### AC Impedance

• Calculate the impedance, phase angle, power, power factor, voltage, and/or current in a RLC series circuit consisting of any combination of resistors, capacitors, and inductors.

• Express total impedance in rectangular and polar forms,

• Explain the relationship between resistance, reactance, and impedance as it relates to the rectangular form of total impedance,

• Sketch an impedance triangle.

Voltage in an AC circuit is given by: $V = V_{max}\ \sin \omega t$

While calculating Impedance (equivalent of resistance in AC circuits)

• Resistance is plotted on x-axis as it is, going towards right direction.

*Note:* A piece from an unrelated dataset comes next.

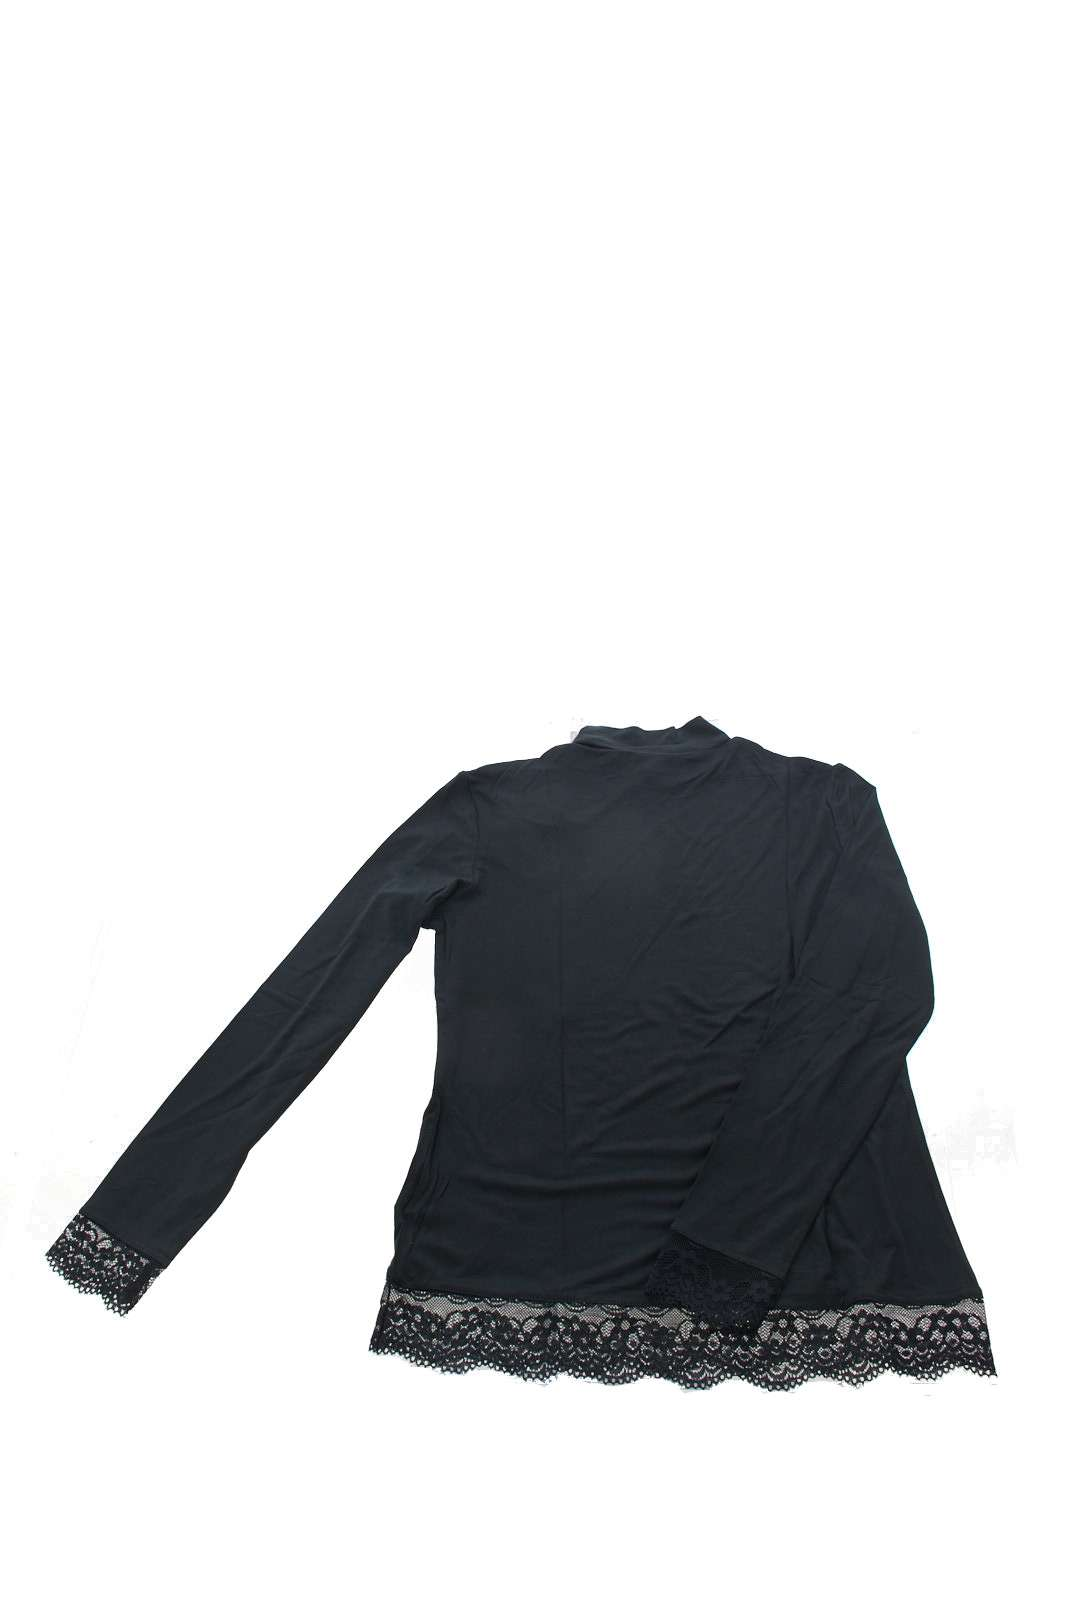 https://www.parmax.com/media/catalog/product/a/i/AI-outlet_parmax-maglia-bambina-Silvia%20Heach-mdji5010lu-B.jpg

• Inductance is calculated using the following formula and plotted vertically upwards. $X_{L} = 2 \pi f L$

• Capacitance is calculated using the following formula and plotted vertically downwards. $X_{C} = \frac{1}{2 \pi f C}$

So, the combined effect of inductance and capacitance Reactance is plotted on y-axis by taking the difference of $\displaystyle X_{L}$ and $\displaystyle X_{C}$. $X = X_L - X_C$ Impedance is calculated using Pythagoras theorem $Z = \sqrt{R^{2} + (X_{L} - X_{C})^{2}}$

Power angle $\phi$ is the angle between Z and R. Power factor = cos$\phi$.

• For purely resistive circuit, $\phi$ = 0 and power factor = 1.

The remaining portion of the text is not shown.